How to look down at your hands correctly while playing piano
It's a common question, and one that has many different answers... "Should I look down at my hands while playing piano / learning a new piece?"
Many online articles will tell you why you should or shouldn't look down at your hands while playing piano, but none that I have come across will tell you HOW to look at your hands when playing piano.
First, let's get a little context about what is desirable and what is not when playing piano.
When learning a piece, especially if you are a beginner, you don't want to be reliant on having to look down at your hands in order to find keys on the keyboard. This slows down your learning enormously, makes it difficult to keep track of where you are up to in the sheet music and can even make you dizzy due to your head bobbing up and down all the time.
If you are in the habit of looking at your hands a lot of the time, a simple technique to break this habit is to place an A4 size book or piece of cardboard over your hands (as you play) so you can't look at them. This forces you to look at the sheet music while helping you to feel where the keys are through proprioception, the “sixth sense” in which the brain knows where the body is in space.
Once you have used this technique for a while, you are now no longer reliant on the 'crutch' of needing to look down at your hands while playing piano.
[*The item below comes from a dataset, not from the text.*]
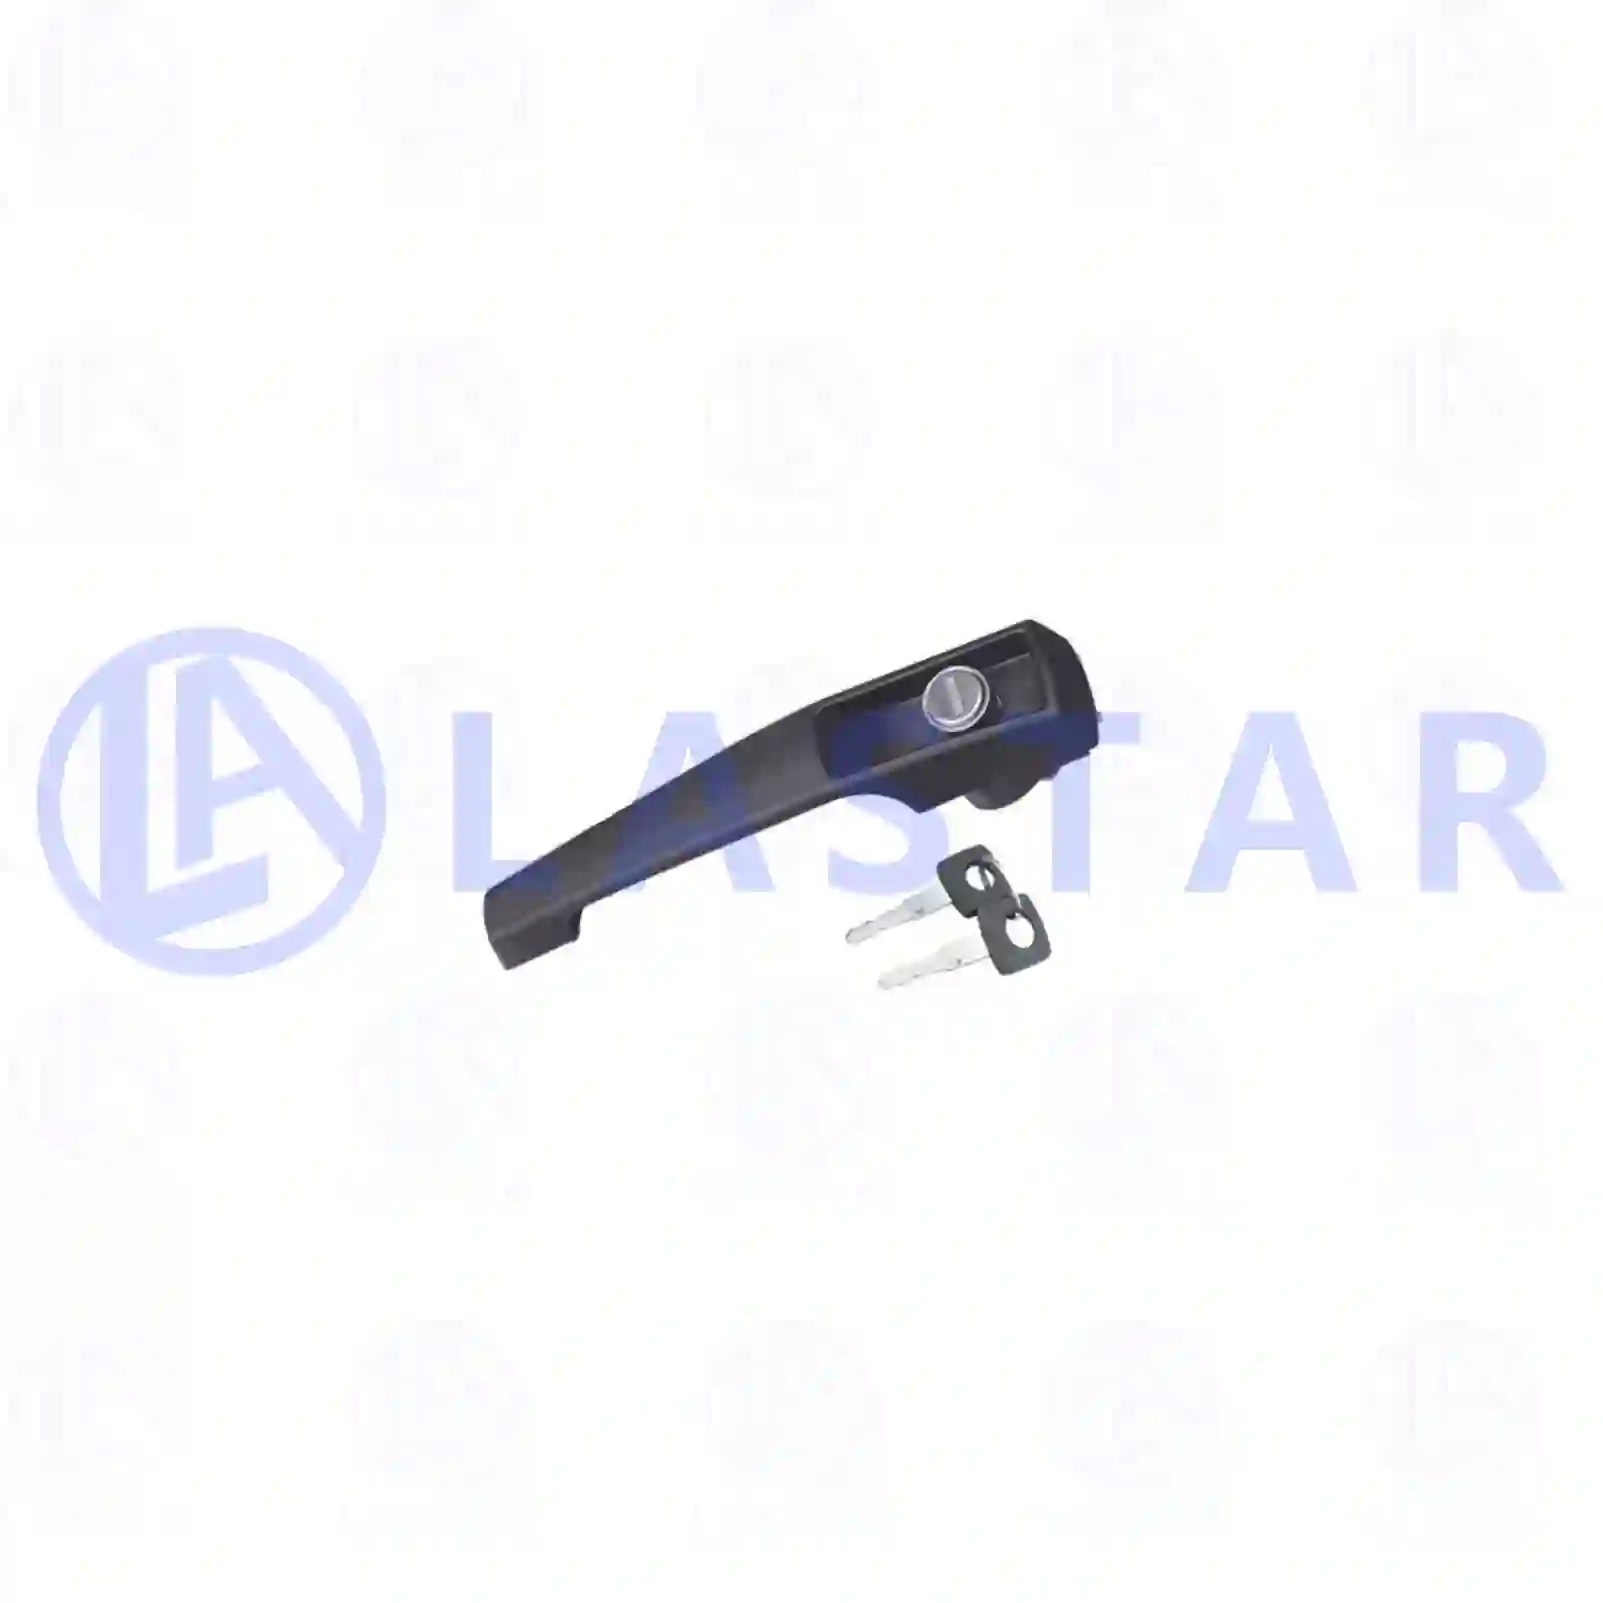  Door handle, plastic || Lastar Spare Part | Truck Spare Parts, Auotomotive Spare Parts

But what if you instead become chained to looking at the sheet music?
Some people simply cannot play anything (even if they have been playing piano for many years) without having the sheet music in front of them. This is psychological crutch just as dysfunctional as needing to look down at your hands excessively.
When performing advanced pieces, the reality is that you are often playing so fast that you do not have time to look at the sheet music. So you really ought to regularly practice playing pieces you have learned without looking at the music at all.
And even when playing a piece from memory (in which case you can freely look at your hands), you can only focus on one part of the keyboard at a time. So you are still going to need the skill of proprioception to some extent, as you won't always be able to look at everything both your hands are playing at any given point in time (nor should you need to).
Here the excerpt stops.